This International day of the Girl child let’s look how India can make policies and schemes effective for girl children.
New Delhi, October 11, 2016: With a population of 225 million, girls account for 48% of India’s children. Yet, a girl in India continues to faces discrimination from the womb. In order to tackle the underlying gender inequality that holds girls back, India has to re strategize and undertake focused investment for its girl children. To analyze progress and revisit strategies to plan change, data forms the basis of intervention. In India, however, this planning is not as effective since data for many critical indicators is not available and for most indicators it is available at a gap of 8 to 10 years.
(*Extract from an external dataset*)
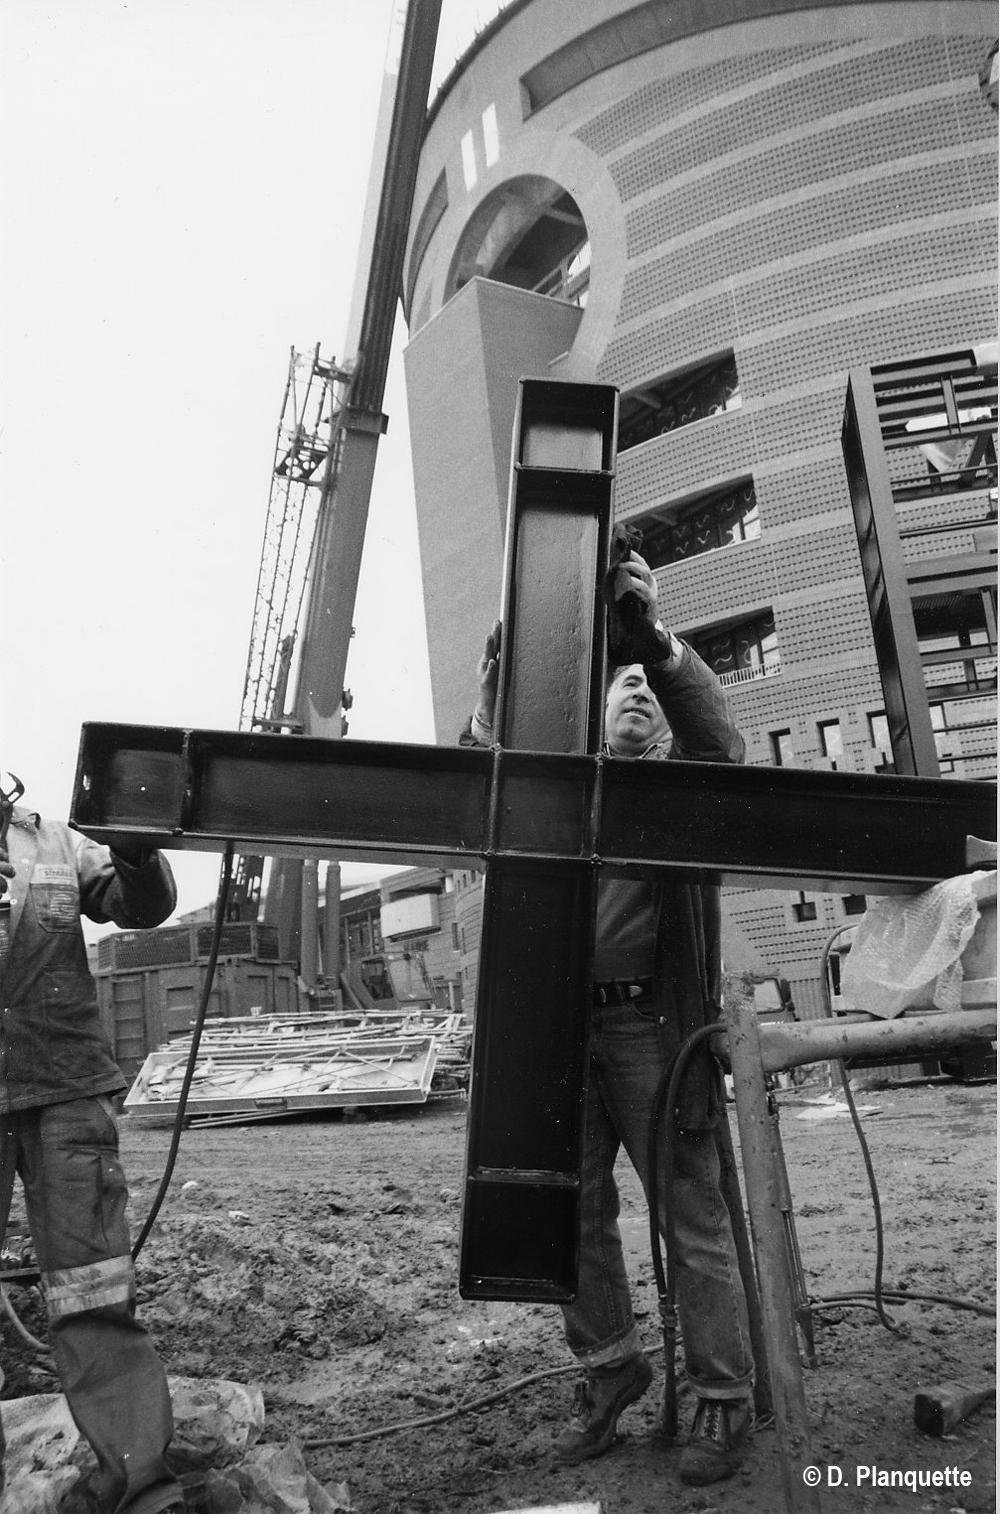 Cathédrale d'EVRY: nettoyage de la croix extérieure
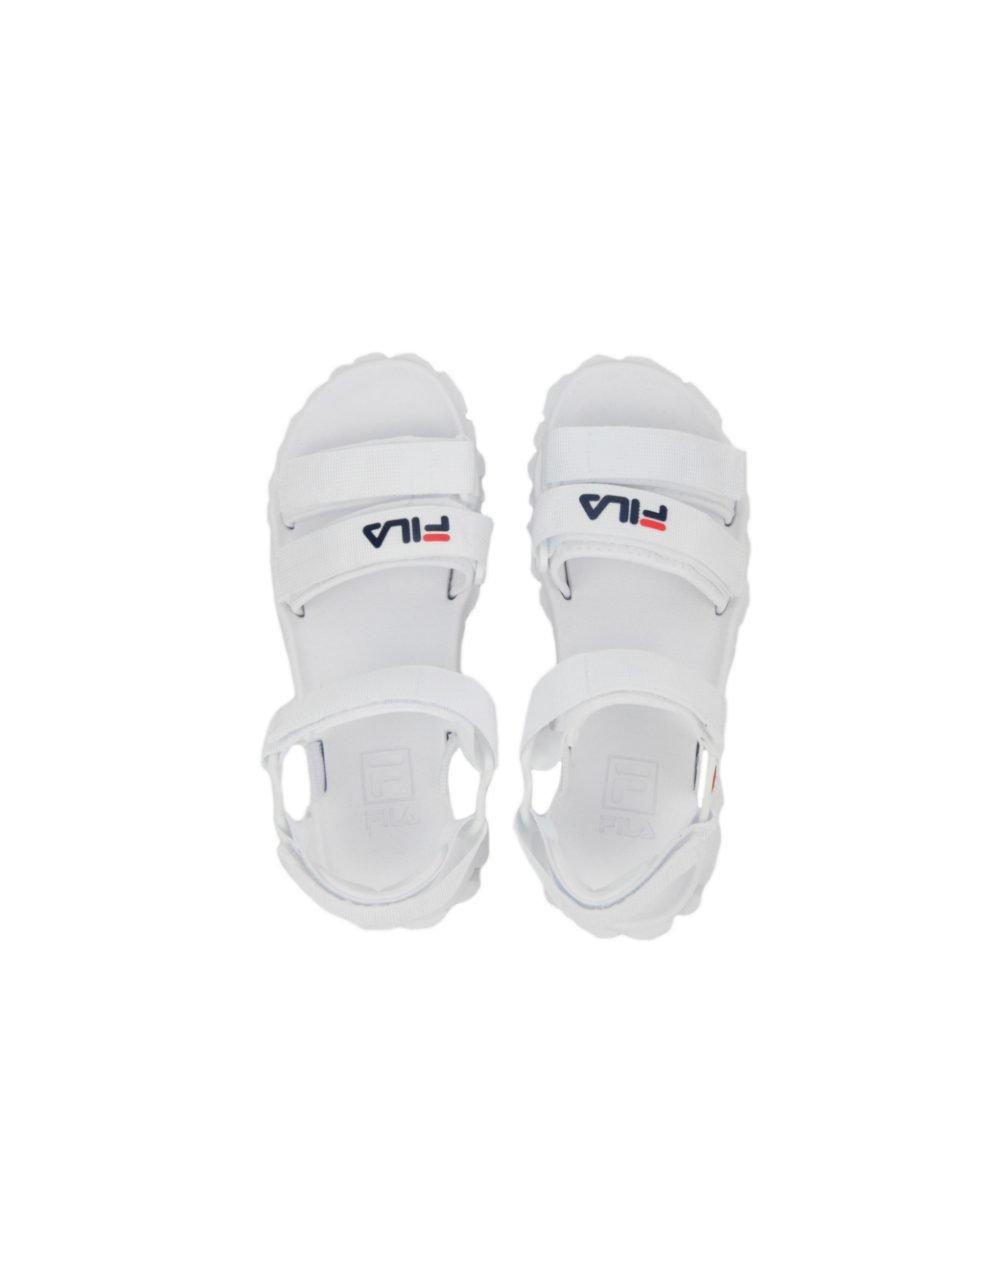 Fila Yak Sandal (5SM00542-125) White

Investing in research is thus a critical area and requires India to fill up many gaps. The existing data on girl children is limited and intermittently available and does not allow for a focused and longitudinal assessment of the changing situation of the girls in our country.
There exist gaps in knowledge relating to almost all the different facets of lives of girls in India.
The biggest gaps remain not in data itself but in the way the data is collected which remains uni-dimensional and doesn’t allow the policy-maker, the civil society and the country at large to get a picture of the complex inter-linked vulnerabilities faced by girls in our country. Komal Ganotra, Director, Policy, Research and Advocacy, CRY – Child Rights and You adds, “These existing gaps in data on girls and young women, lack of systematic analysis and limited use of existing data significantly limit our ability to get a clear picture. Tracking of such critical and girl focused, girl relevant data would ensure programs, policies and services to effectively respond to the specific needs for girls. Real progress towards greater accountability in domains of critical importance to girls is not possible, unless investments in programs for girls are complemented with corresponding investments in data.”